Crise des opioïdes : où en sont les poursuites contre McKinsey et Publicis Health ? News

Crise des opioïdes : où en sont les poursuites contre McKinsey et Publicis Health ?

S’il est fréquent de parler de l’implication de McKinsey dans l’affaire des opioïdes, il est plus rare d’évoquer celle de Publicis Health, filiale du groupe publicitaire français Publicis. Pourtant, les deux agences-conseil sont accusées d’être coresponsables de cette crise et poursuivies pour avoir élaboré et mis en œuvre des stratégies commerciales agressives et mensongères.

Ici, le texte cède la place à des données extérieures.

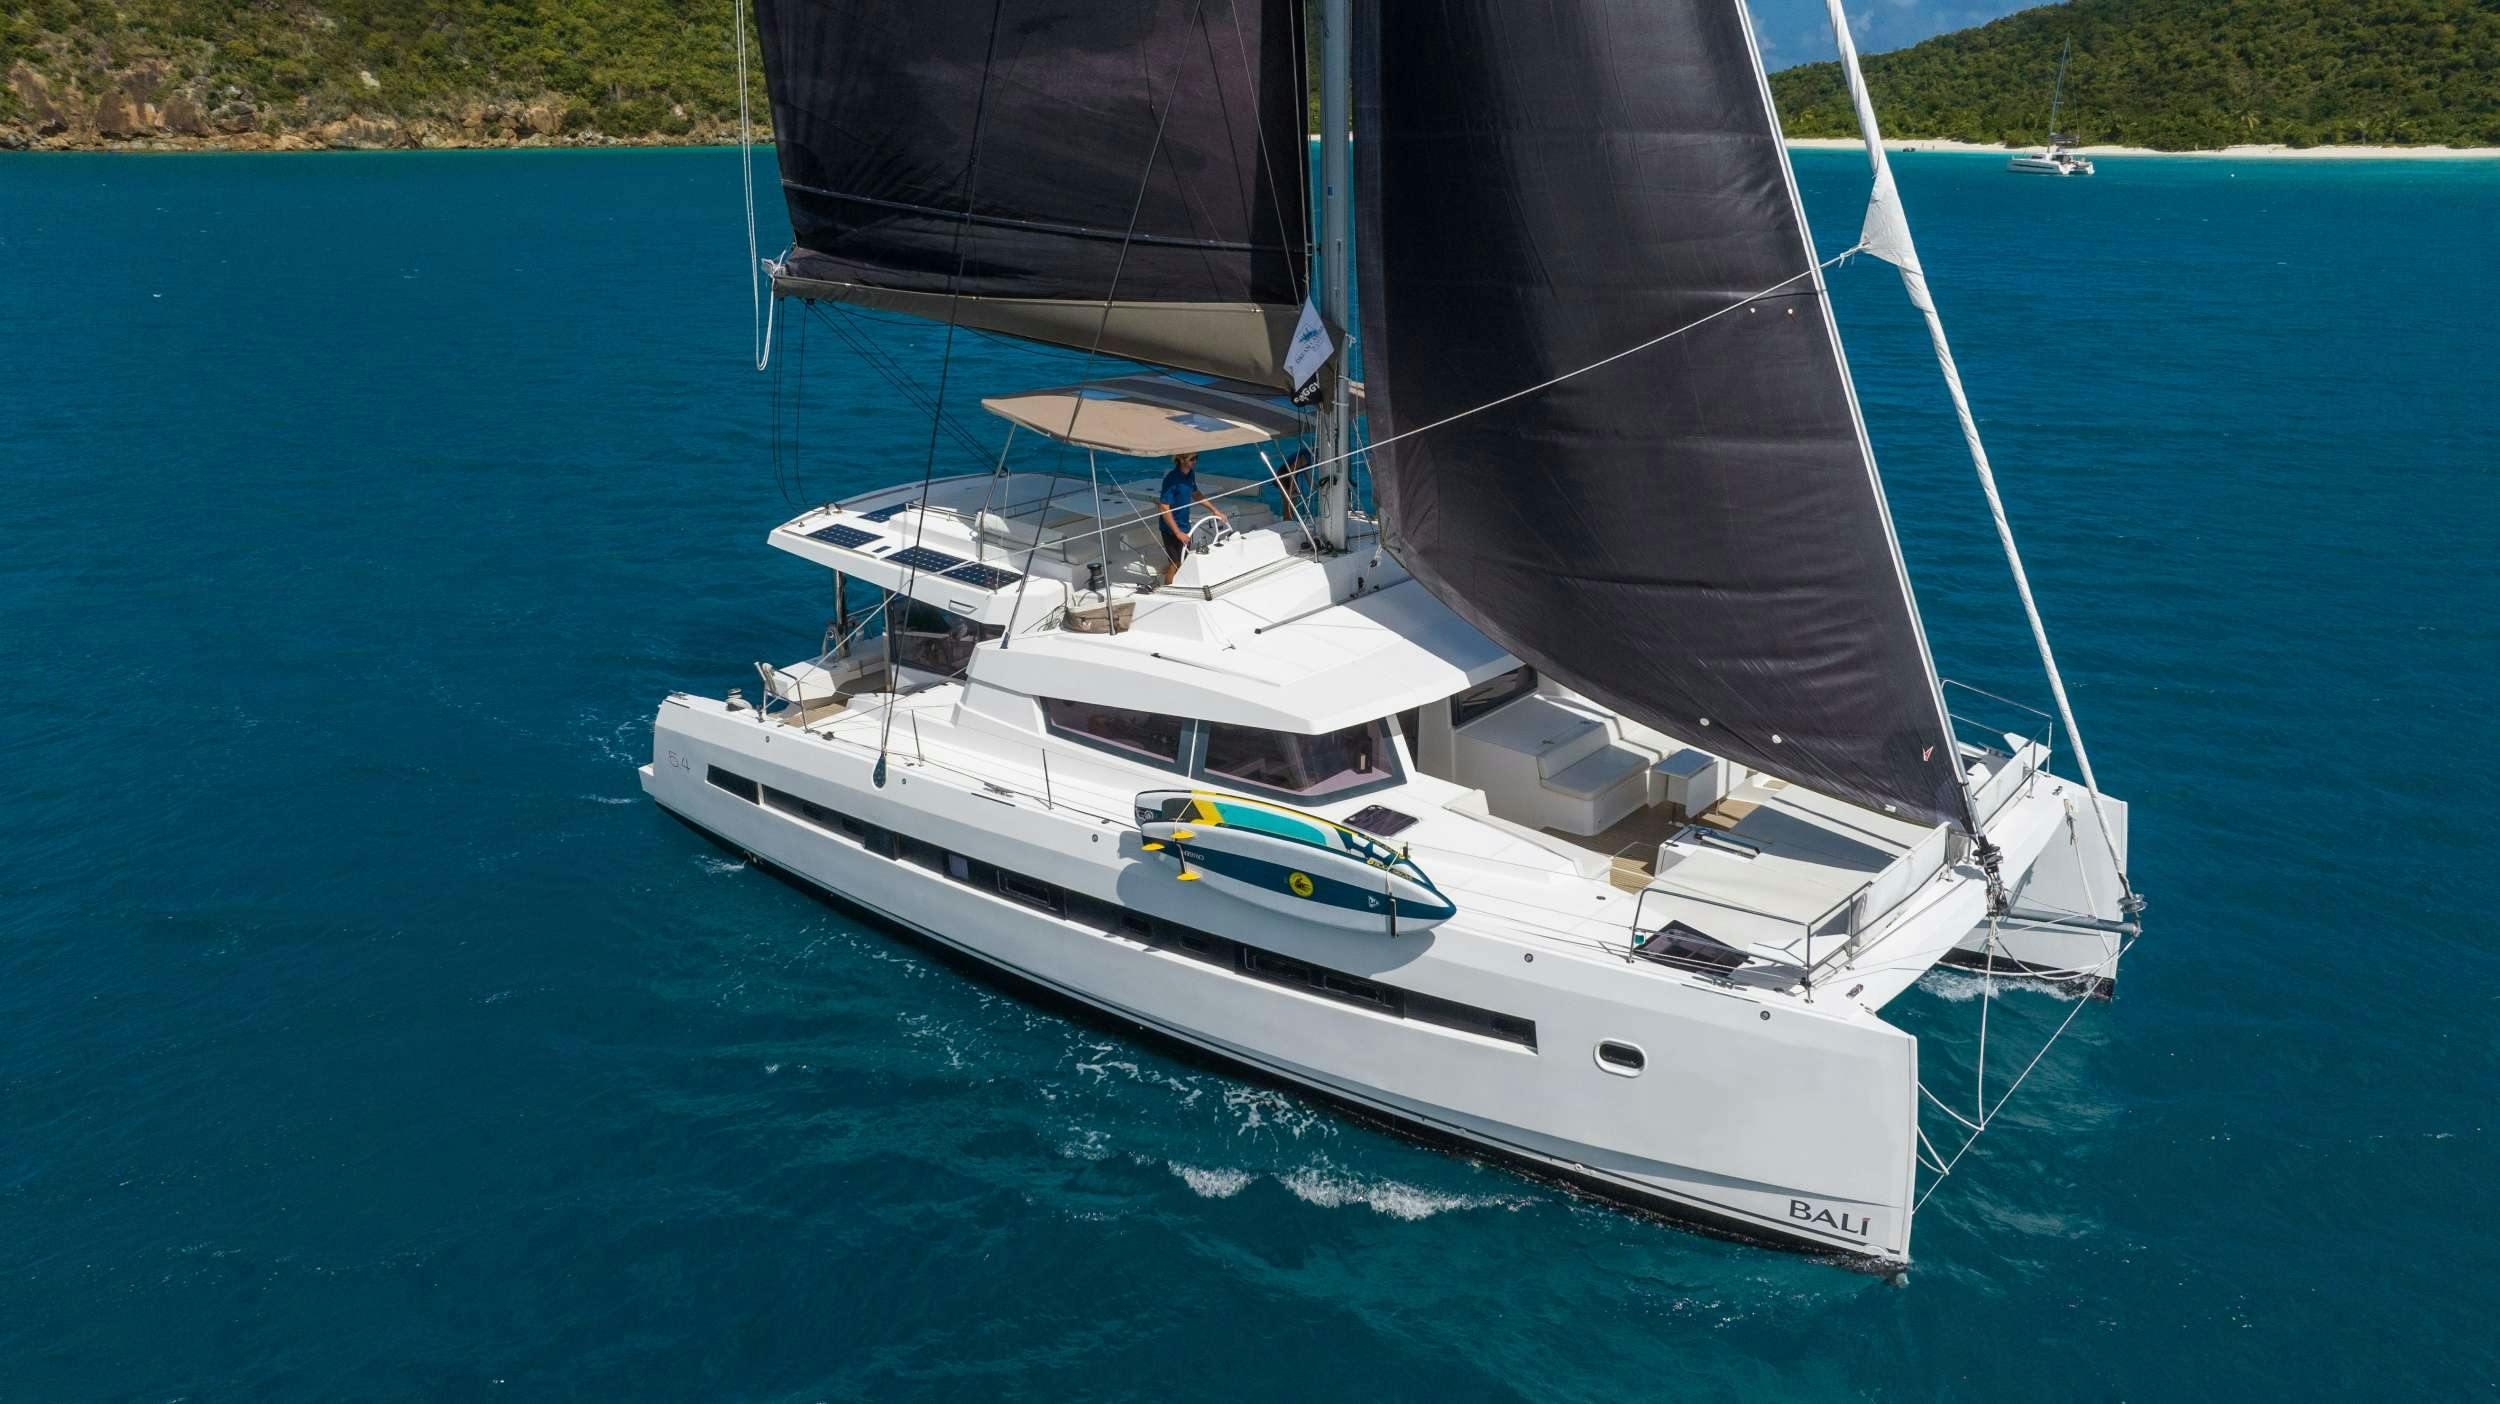 SUN DAZE 5.4 - Yacht Charter Grenada & Boat hire in Caribbean 1

Des milliers de plaintes déposées

Selon des documents déposés le 26 septembre dernier au tribunal du district nord de Californie, aux États-Unis, l’agence de conseil américaine McKinsey a accepté de verser 230 millions de dollars pour mettre un terme aux milliers de poursuites engagées contre elle dans l’affaire des opioïdes. Parmi les plaignants se trouvent des collectivités, des écoles, des communautés locales, des parents d’enfants nés avec des symptômes de sevrage… McKinsey est accusée d’avoir élaboré et mis en œuvre des stratégies commerciales agressives pour permettre à son client, le laboratoire pharmaceutique Purdue Pharma, de vendre de l’OxyContin à un large public.

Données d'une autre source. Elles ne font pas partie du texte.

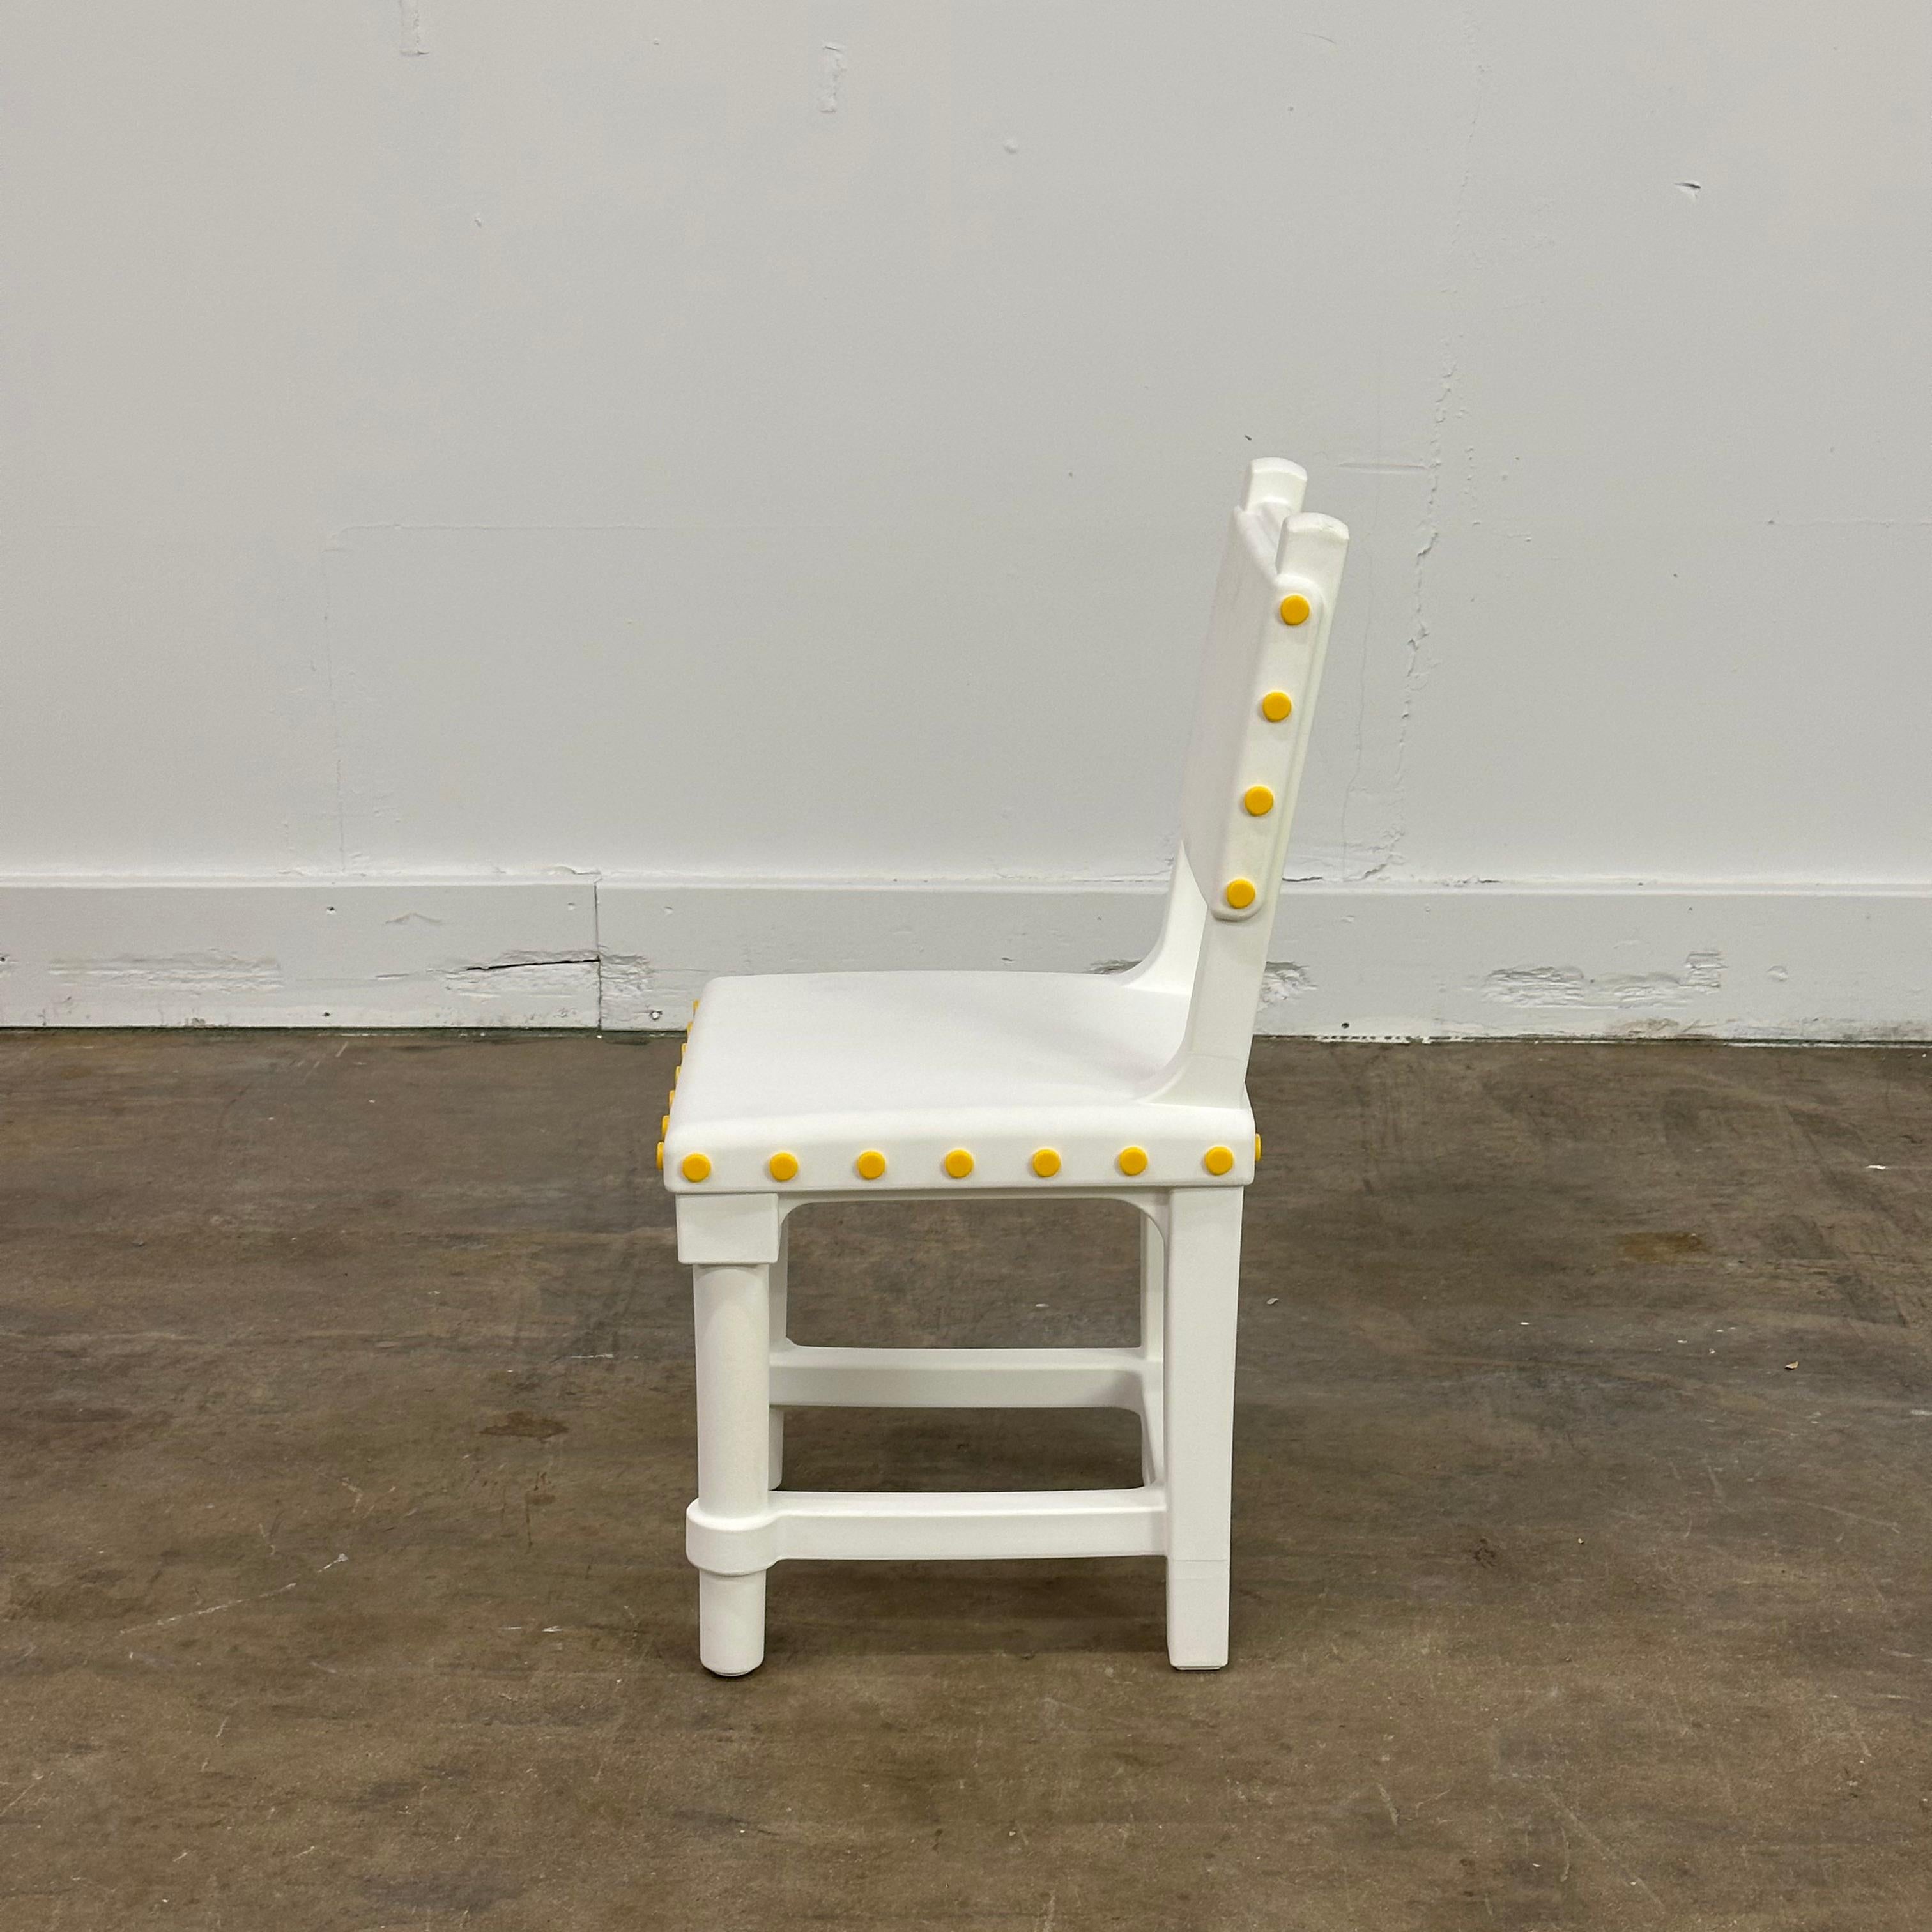 Néerlandais Gothic Chair by Studio Job for Moooi, Netherlands, c.2010s en vente

645 000 morts en deux décennies

L’oxycodone, la molécule active de l’OxyContin, est un puissant antidouleur de la famille des opioïdes, dont l’une des caractéristiques est d’être très addictive. Pour cette raison, son administration était surtout réservée aux malades de cancer en phase terminale ou dans les cas de chirurgie lourde. Mais à partir de 1996, avec l’arrivée sur le marché de l’OxyContin commercialisé par Purdue Pharma, cette substance a été l’objet de prescriptions massives aux États-Unis, du fait d’une grosse opération de marketing auprès des médecins, où on leur faisait croire à la faible dangerosité du produit en minimisant ses risques addictifs. La prescription de l’OxyContin et d’autres opioïdes à grande échelle a provoqué une explosion du nombre d’addictions et de décès. Entre 1999 et 2021, les Centers for Disease Control and Prevention (CDC – Centres de contrôle et de prévention des maladies américains) ont comptabilisé près de 645 000 décès par surdose d’opioïdes aux États-Unis, notamment en raison d’une augmentation des prescriptions sur ordonnance, en particulier de l’OxyContin.

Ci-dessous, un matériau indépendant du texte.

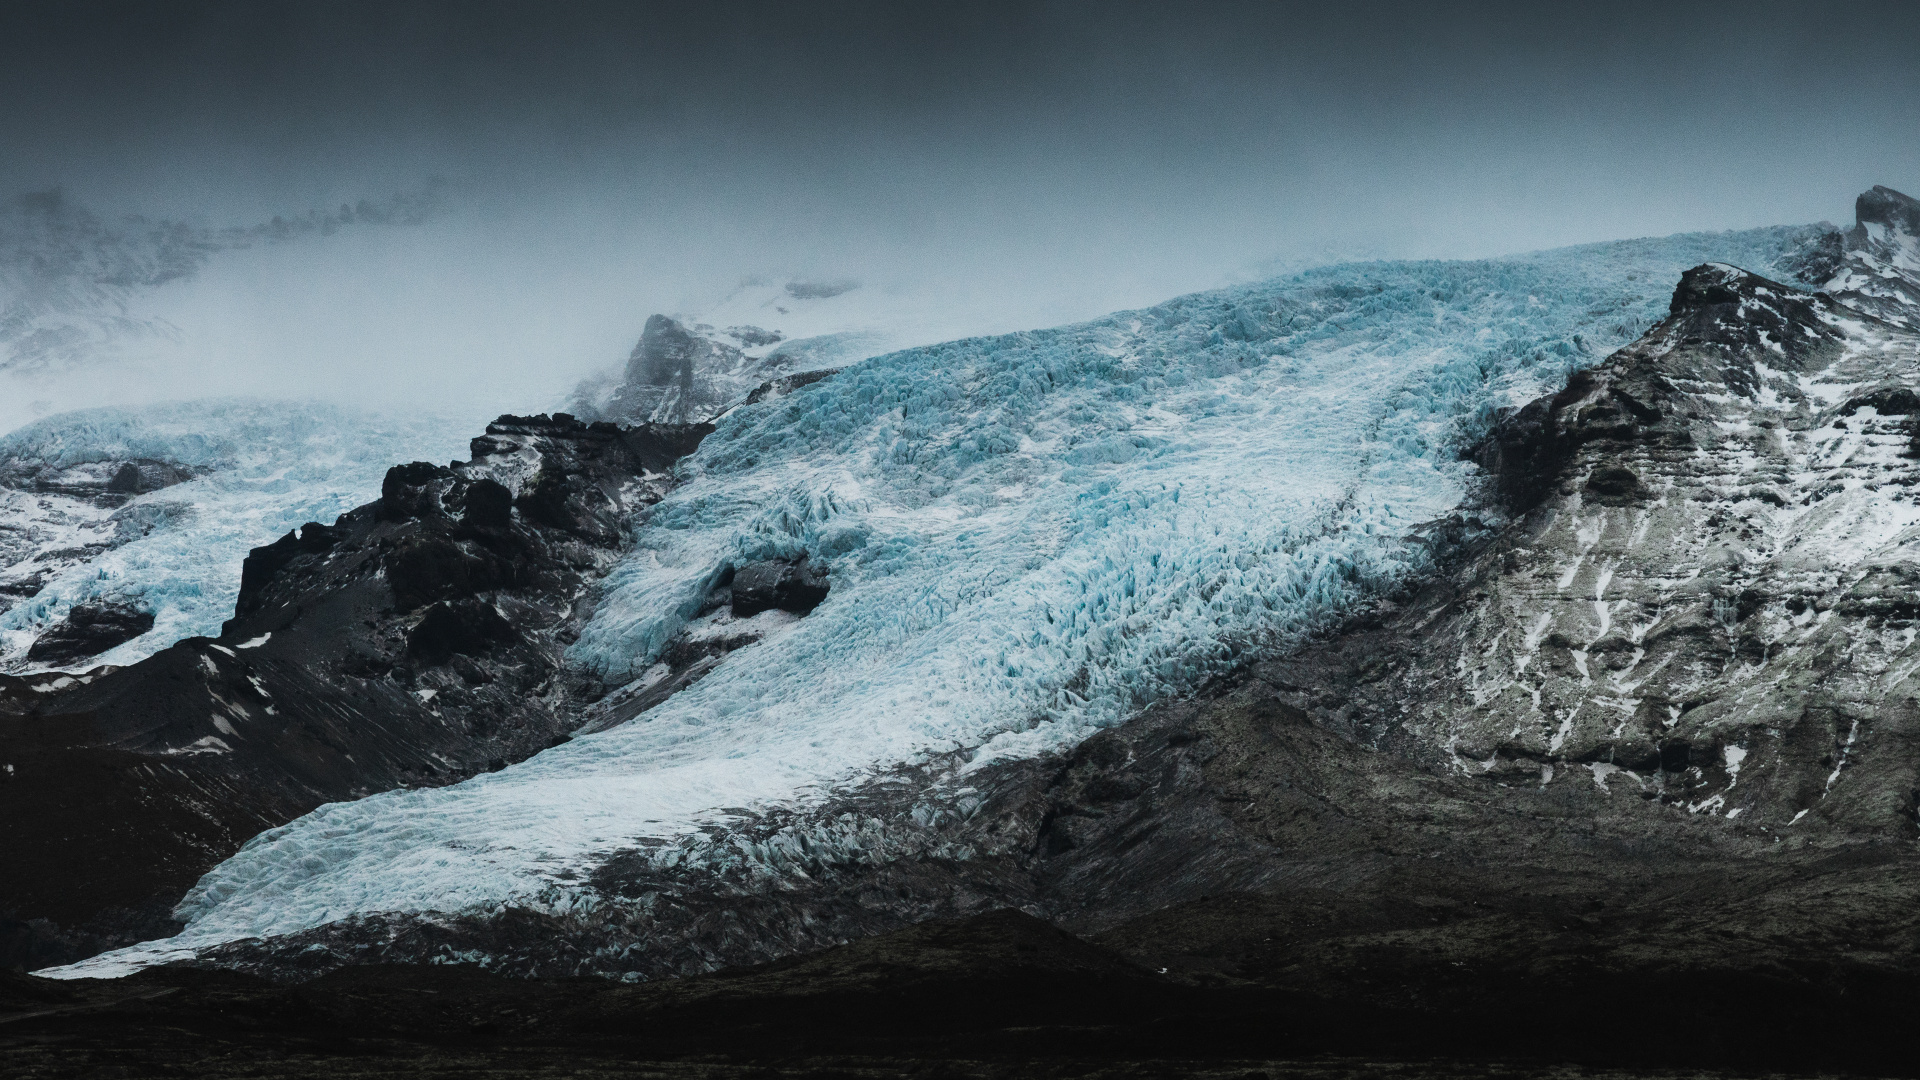 Gletscher, Natur, Mount Scenery, Schnee, Bergigen Landschaftsformen. Wallpaper in 1920x1080 Resolution

McKinsey prête à payer 230 millions de dollars supplémentaires

Purdue Pharma a été poursuivie et condamnée à une amende de 634 millions de dollars pour publicité mensongère en 2007 et a conclu en 2019 un accord amiable pour solder une plainte de l’Oklahoma, mais l’entreprise pharmaceutique n’est pas la seule à être tenue pour responsable dans cette affaire. Ses agences-conseil McKinsey et Publicis Health sont également poursuivies pour leur rôle dans la désinformation, la stratégie de promotion et les techniques de vente agressives du médicament. McKinsey a accepté de verser en 2021 la somme de 641,5 millions de dollars pour régler des contentieux avec les procureurs généraux des 50 États américains. Deux ans plus tard, le cabinet a accepté de verser 230 millions supplémentaires pour stopper les milliers d’autres poursuites engagées contre lui. Mais cet accord doit encore être approuvé par un juge.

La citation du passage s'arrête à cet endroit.